А Наполеон думал уже о большем. Психологически он, вероятно, был в состоянии игрока, сорвавшего банк — крупный выигрыш — и решившего больше не играть, не испытывать судьбу. Но вот он пошел с маленькой карты так лишь, чтобы размять пальцы, — и неожиданно крупный выигрыш. Он снова идет с маленькой, и опять негаданное везение — большой выигрыш. И вот, продолжая уверять, что он навсегда отказался от всяких азартных игр, он незаметно — одна маленькая карта, затем вторая, затем третья, и каждая приносит крупный куш! — снова втягивается, уходит с головой в игру.
Конечно, это сравнение очень условно: ведь игра, которую вел Наполеон Бонапарт, шла не на золотые — она велась на человеческие головы.
Во время пребывания в Италии в ночь с 12 на 13 декабря (по предварительному сговору) в Мантуе Наполеон встретился со своим братом Люсьеном. Из многочисленного клана Бонапартов Наполеон был более всего, вернее даже сказать, единственно обязан Люсьену: без его помощи переворот 18–19 брюмера потерпел бы неудачу. Но брат, помогавший возвышению Наполеона, ходил в изгоях и скитался где-то по свету — Бонапарт, оставшийся вне императорской фамилии, без пышных титулов, без владений, без состояния. Причина тому была прозаичной: Наполеон отказывался признать вторую жену Люсьена — некую госпожу Жубертон; он считал ее неподходящей для императорской семьи. Люсьена это оскорбляло, и он отказывался иметь дело со своим могущественным братом. Государыня-мать Летиция взяла сторону обиженного младшего сына, и по этим мотивам также затянувшаяся ссора с Люсьеном еще более тяготила Наполеона. Но в рассматриваемой связи важен не семейный и не личный аспект взаимоотношений братьев Бонапарт, а иное. Ночное свидание в Мантуе осталось не во всем выясненным; но то, что стало известным, содержит нечто важное[948]. Наполеон искал примирения с братом; он просил его формально развестись с госпожой Жубертон (так же как поступил в аналогичном случае Жером), сохраняя с ней любые неофициальные отношения. В качестве компенсации Наполеон предлагал Люсьену королевский престол на выбор — во Флоренции, в Лисабоне или Мадриде. Именно это последнее предложение и заслуживает наибольшего внимания.
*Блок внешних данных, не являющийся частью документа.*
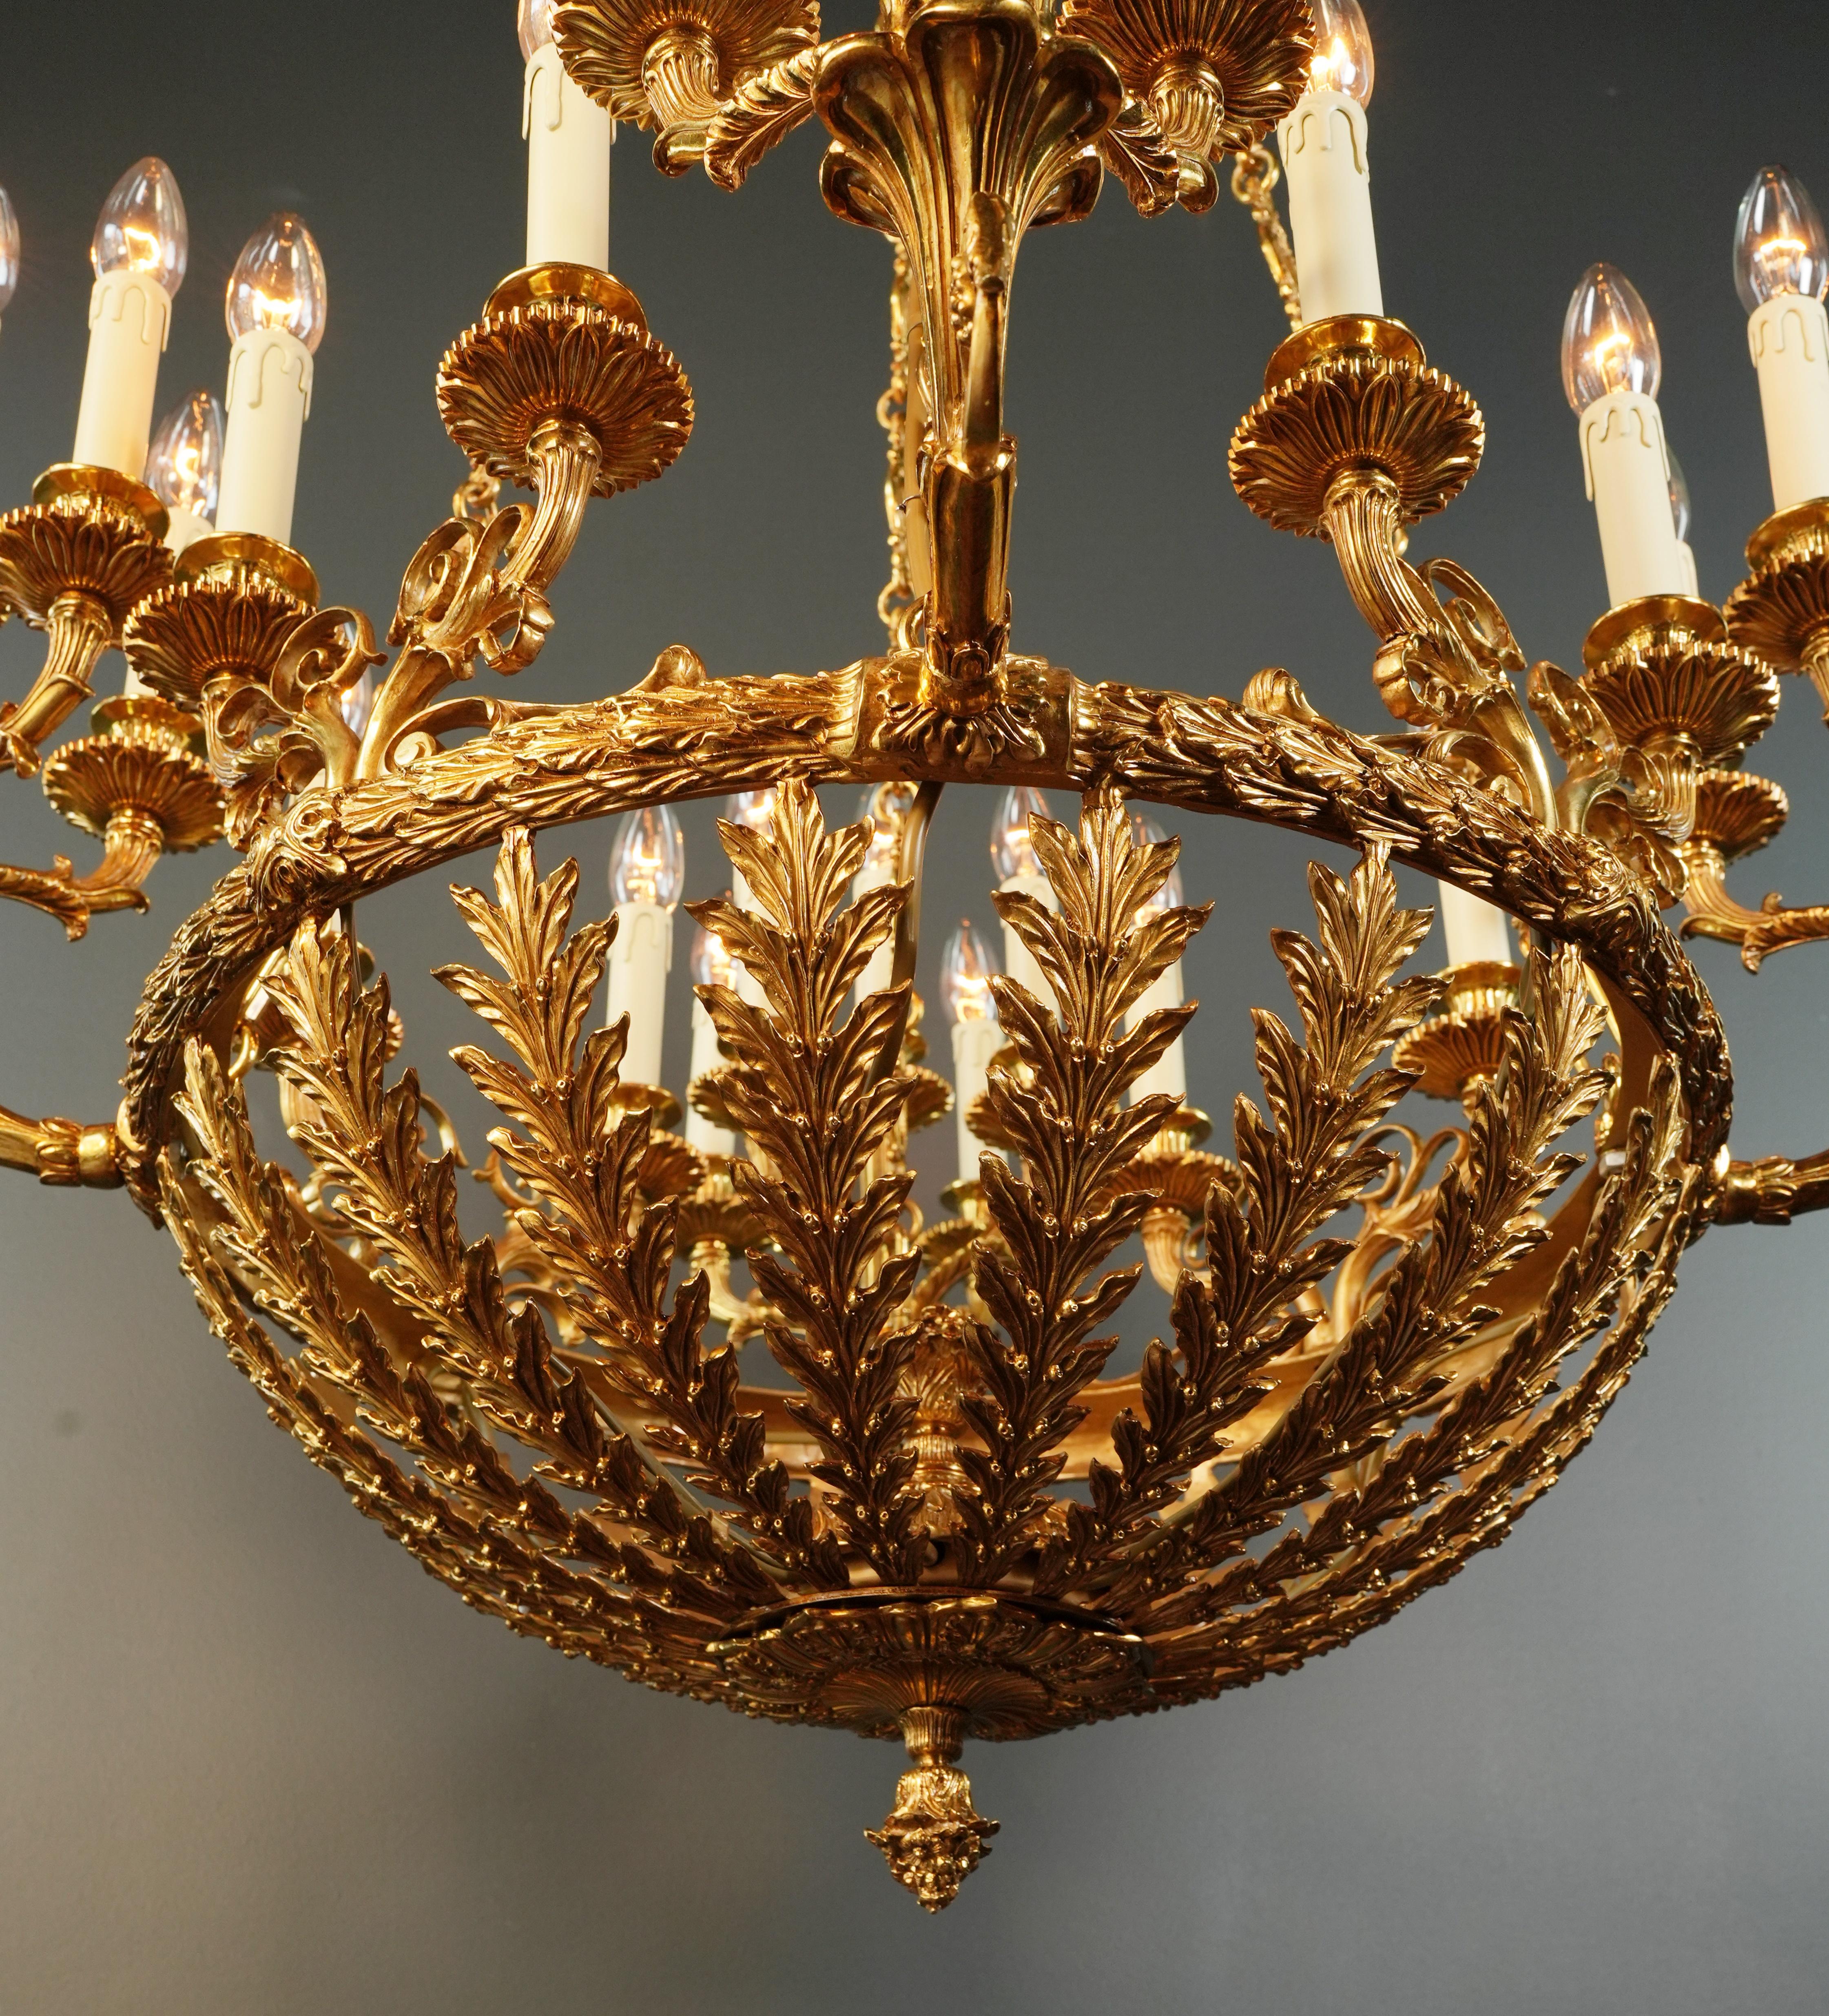 21st Century Baroque Brass Empire Chandelier Crystal Lustre Lamp Antique Gold  In New Condition For Sale In Berlin, DE

Люсьен отверг все предложения; он предпочел остаться со своей обидой; примирение не состоялось. Но естественно, возникал вопрос: как мог предлагать Наполеон в декабре 1807 года испанский трон своему брату, когда трон этот не был вакантным, на нем восседал давний союзник Наполеона король Карл IV? Следовательно, уже в начале декабря 1807 года у Наполеона возникала мысль, пусть еще не отстоявшаяся, мимолетная, о возможности овладения Испанией…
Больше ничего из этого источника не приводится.